Confira a coluna Sociedade do Trabalho desta semana

10/03/2020 18h33 Atualizada há 5 meses
Por: Júnior Recalcati Fonte: Oeste em Foco | Emanuel Natã
É uma da madrugada e não tem nada aberto!

É uma da manhã e não tem um lugar aberto para eu comprar uma porção de batata frita com um refrigerante gelado. É uma da manhã e não tem nada aberto no aplicativo de entrega. É uma da manhã e eu preciso satisfazer minha ânsia por pedir e receber de forma rápida e sem reclamações o meu perfeito pedido, mas como assim as pessoas não estão trabalhando para me atender? Pois bem meus caros, negligenciamos o pedido do outro em prol do nosso, portanto é corriqueiro lutarmos sobre melhorias do trabalho e trabalhos de horas bem pagas, mas dentro desta madrugada nós só queremos que o público continue com essas vagas abertas, nós criamos essa possibilidade a mais, já que não era tão suficiente a que possuíamos de recebermos atenção a nossos pedidos. 

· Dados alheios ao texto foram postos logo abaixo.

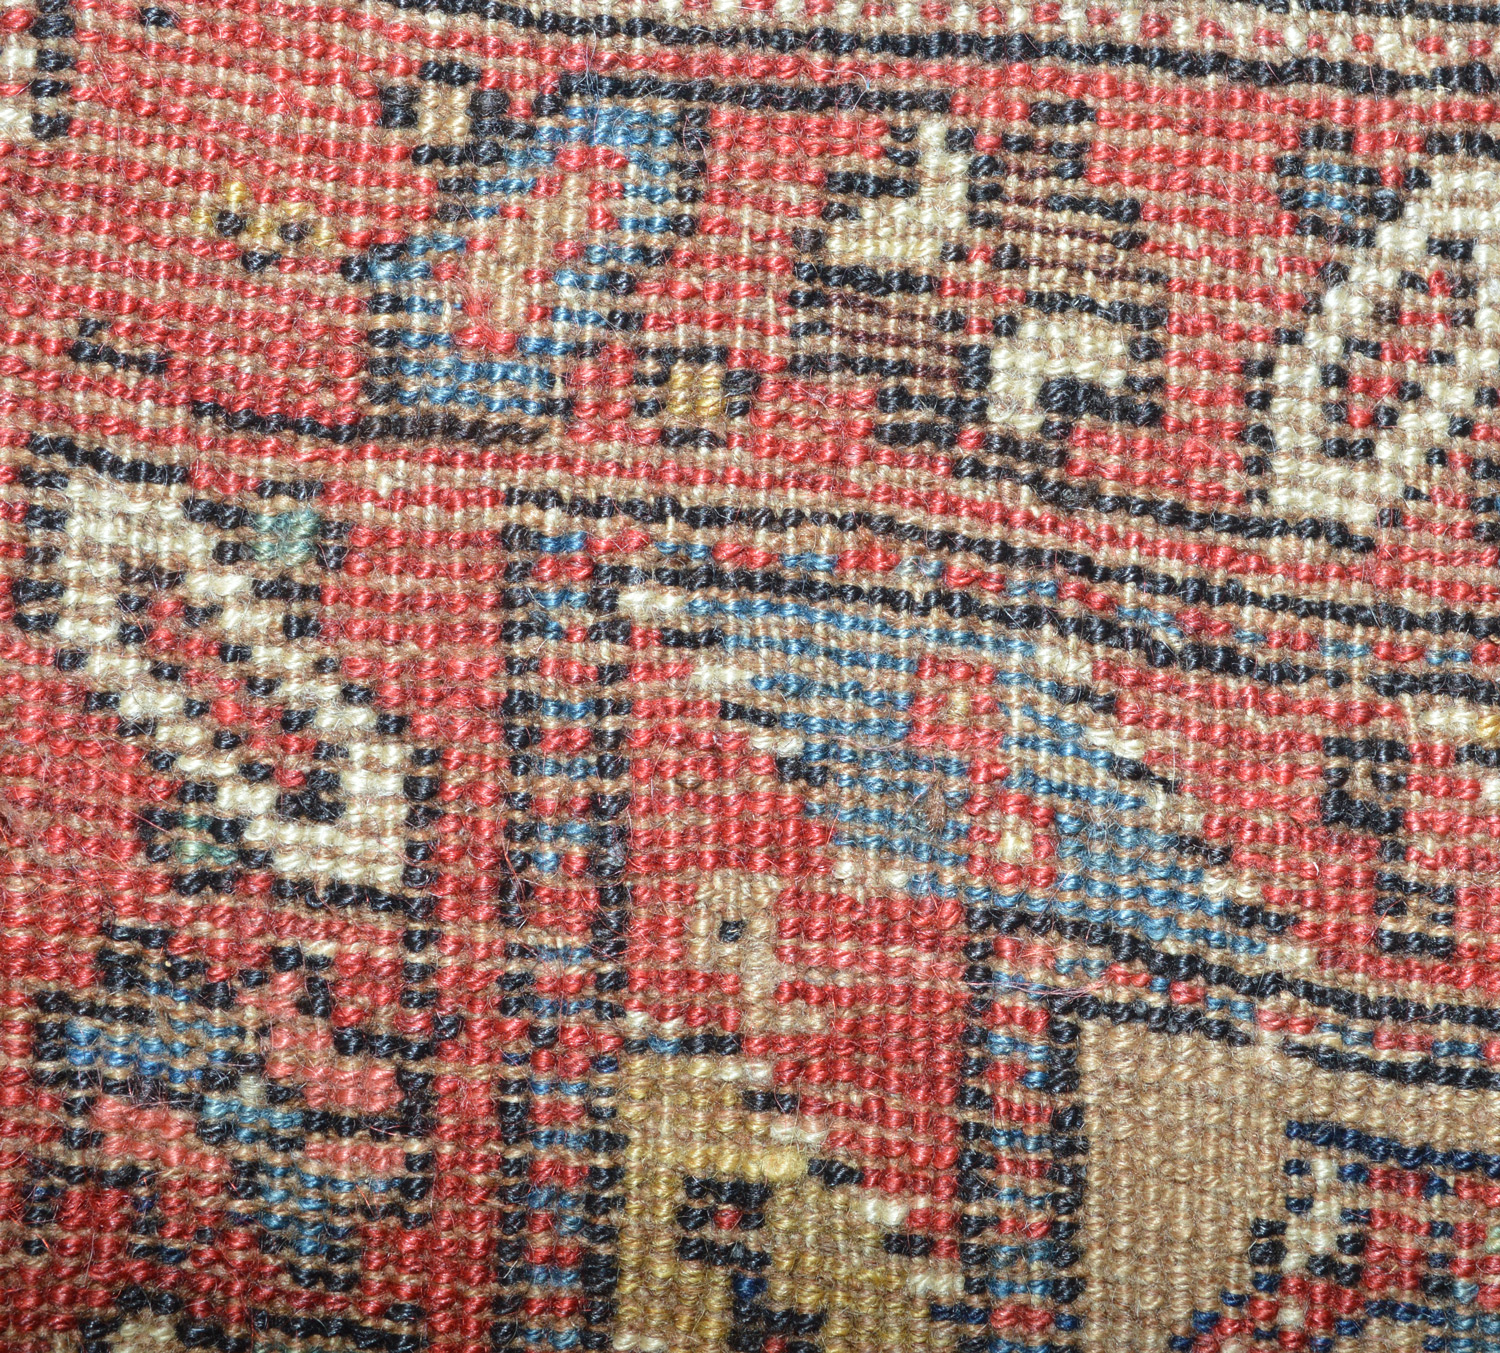 Weave detail of an antique northwest Persian Kurdish tribal rug, circa 1900 - Douglas Stock Gallery, antique tribal rugs Boston,MA area New England

Os períodos de trabalho, conforme a legislação trabalhista, não devem ser maiores do que de seis dias seguidos. Isso quer dizer que, ao elaborar escalas de trabalho, deve-se ter o cuidado de fazer com que cada funcionário tenha, pelo menos, uma folga (mas não no dia do meu pedido) Além disso, deve-se ter o cuidado para que o mesmo empregado não fique sem folgar aos domingos. (Mas, e se nesse domingo eu tiver um almoço de família?). Espero que tenha alguém que cubra os horários deles. Então para garantir a satisfação dos colaboradores – clientes - com a empresa, convém conhecer bem as suas necessidades. É preciso ter o cuidado de praticar o revezamento de modo que seja agradável para todos, alinhando benefícios para a empresa e seus funcionários.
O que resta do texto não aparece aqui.